Fundamentalist Christians Who Use The Qur’an And How To Deal With Them

How to deal with those Christians who use the Qur’an to argue for their own erroneous positions.

There are honest Christians, but they tend not to be out trying to convert others.

The ones we are talking about pull the same type of trick as the traditionalist. The traditionalist claims a value of x for the word salat based on external sources. He then points to salat in the Qur’an and attacks you if you are not onboard with his extraneously derived assumptions on the meaning of salat; or he demands to know how you can understand salat just as he does without importing his external sources the way he does.

This is deception – especially in the context of a book which claims to be complete.

The present-day “gospels” disagree among themselves on many important issues, so which of them exactly does the Christian claim the Qur’an references by the word “injeel” (just compare very carefully the four accounts of the death and resurrection of Christ in the various gospels for an example)?

What is meant in the Qur’an by injeel is made clear by the Qur’an: it is something given to ‘Isa ibn Maryam which confirms the Torah (whatever we mean precisely by that) and has several other characteristics. (For more on that download my work free from and find any instance of the word injeel and then look up the related note / article.) No Christian can point to anything meaningful in the Torah which indicates the typical variants of a “gospel” preached by Christians.

The Qur’an (which this type of Christian is referencing as an authority when it suits him) has several clear action points for the Christians. These include:

– a clear directive not to claim a trinity
– a clear directive not to claim ‘Isa or Maryam as God
– a clear statement that ‘Isa was NOT killed by the Jews
– the exhortation not to exaggerate.

In addition, the Qur’an says that it both confirms AND acts as a control over previous revelations. Christians gloss over this second aspect. In addition, they go on to attack the Qur’an for supposedly plagiarising other writings when the Qur’an itself states that part of its purpose is to confirm AND to correct what men then had from God.

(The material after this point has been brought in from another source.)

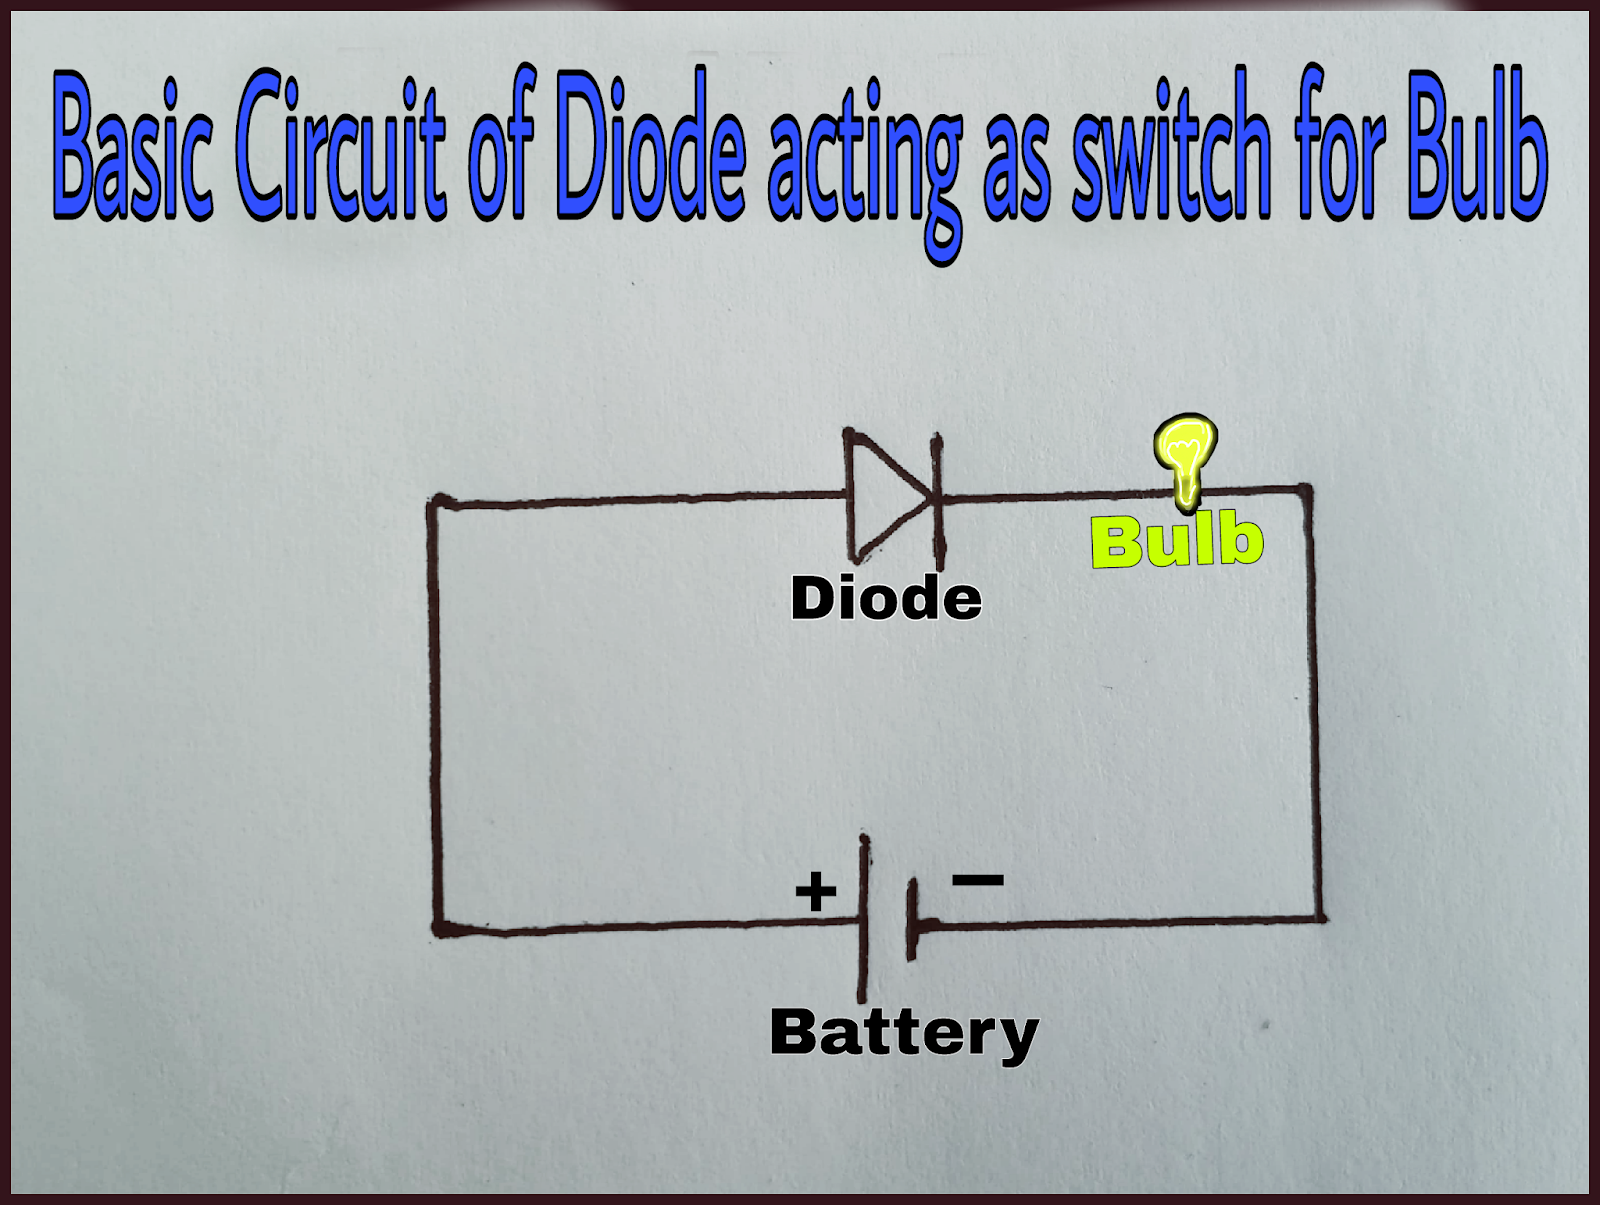 Working of diode as a switch in electronic circuits.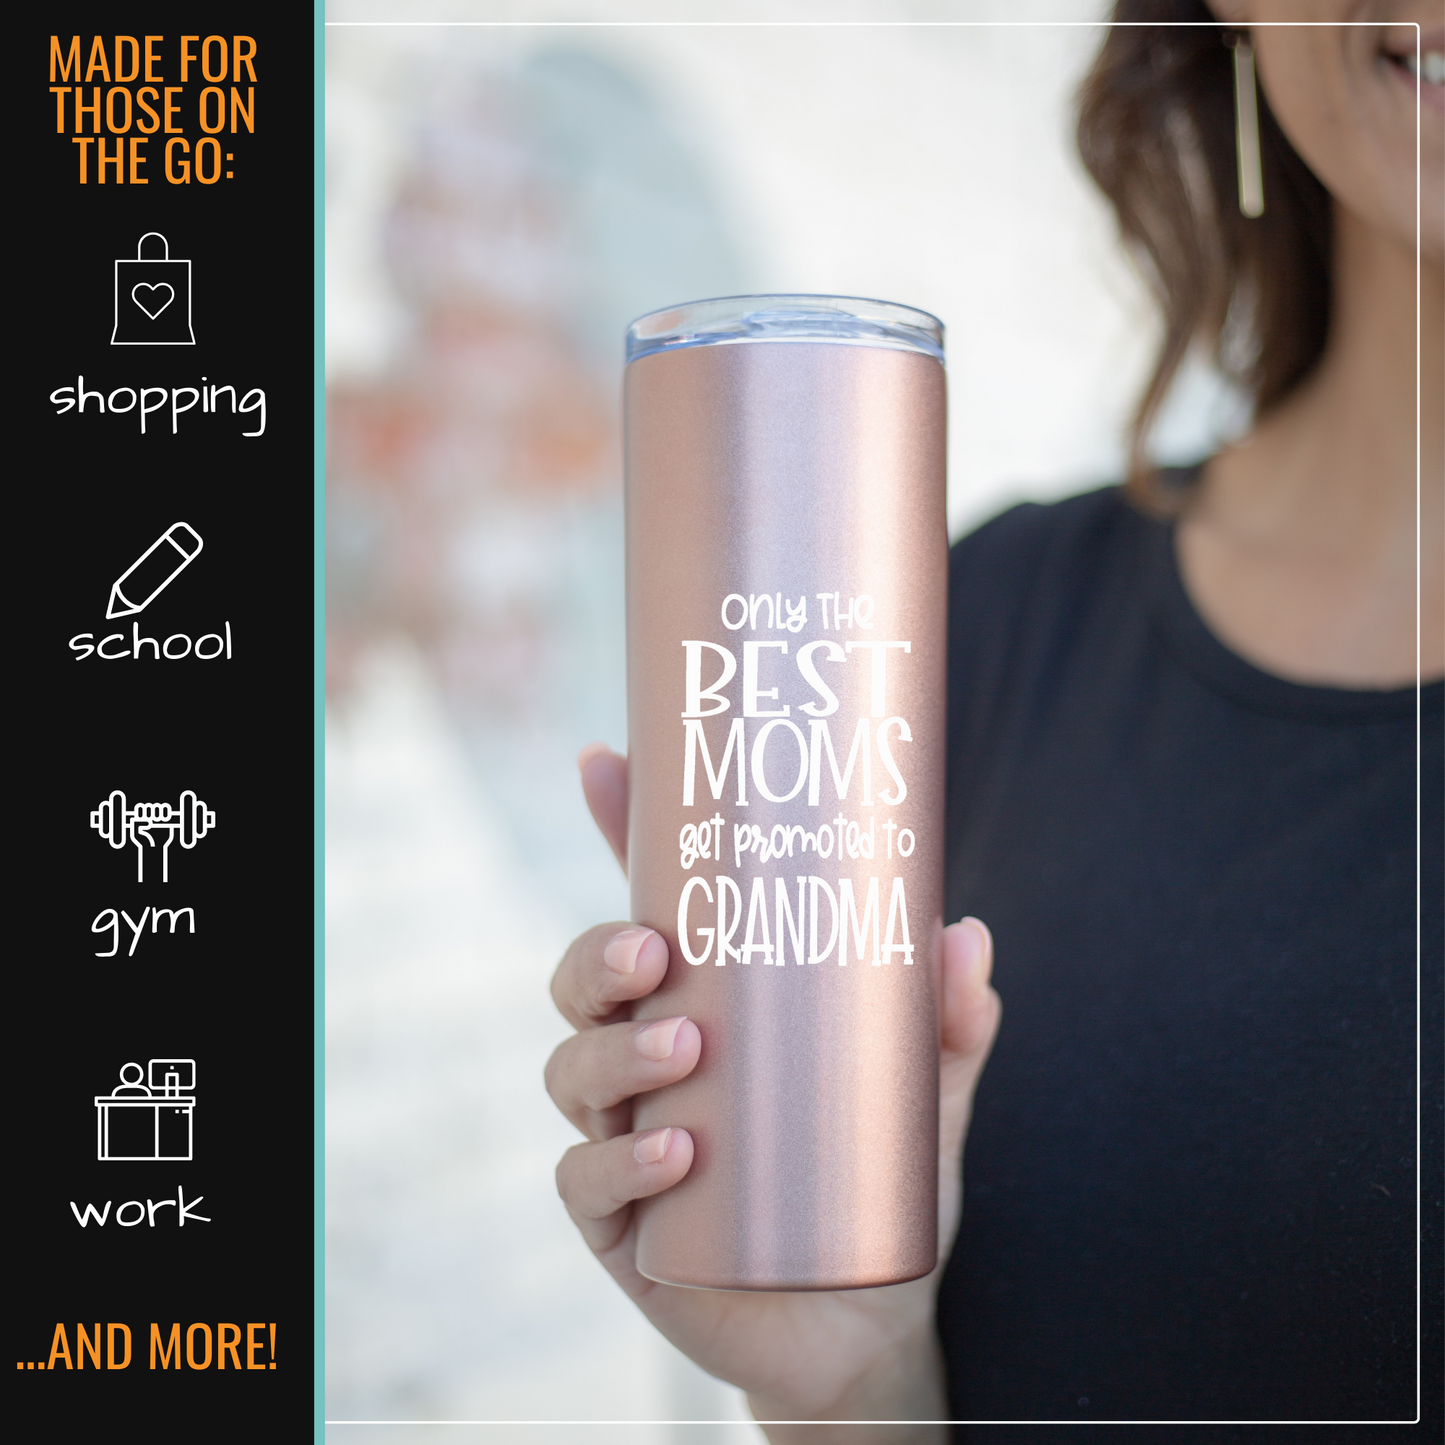 Best Moms Promoted to Grandma 20 oz Rose Gold Skinny Tumbler for Grandmothers - Outlet Deal Texas

If the Christian continues to bang the same drum while arguing that the Qur’an supports his idea of what “injeel” means he is either being dishonest and / or has been misled by his teachers and reached the small limit of what he thinks he knows. Which is why he has no alternative but to go round in circles.

You see, the vast majority of these types of Christian have never read the Qur’an. They watch videos prepared for them by people who themselves have often never read either it. In these videos they learn little tricks by which to wrong-foot those who accept the Qur’an while seeming to have considered the Qur’an’s position. But they are ignorant of the Qur’an – and often of their own scriptures also outside of a knee-jerk appeal to verses taken out of context when it is necessary to “answer” certain questions. They may not be bad people, but they are typically superficial and collectivistic and herd-like in nature.

The Qur’an tells us that whoever believes in God and the Last Day and does good works has his reward – and that includes the Christian (caveats above notwithstanding).

It tells us that God will make clear the differences among men on the Last Day.

It tells us (those who accept the Qur’an) to be patient in the meantime.

But it also cautions the messenger (and by implication us also) away from following their vain desires after the knowledge which has come to us.

A good way to close down the conversation with mutual respect intact when you hit the wall with them is to say “To you be your works, to me mine” and then offer them your hand.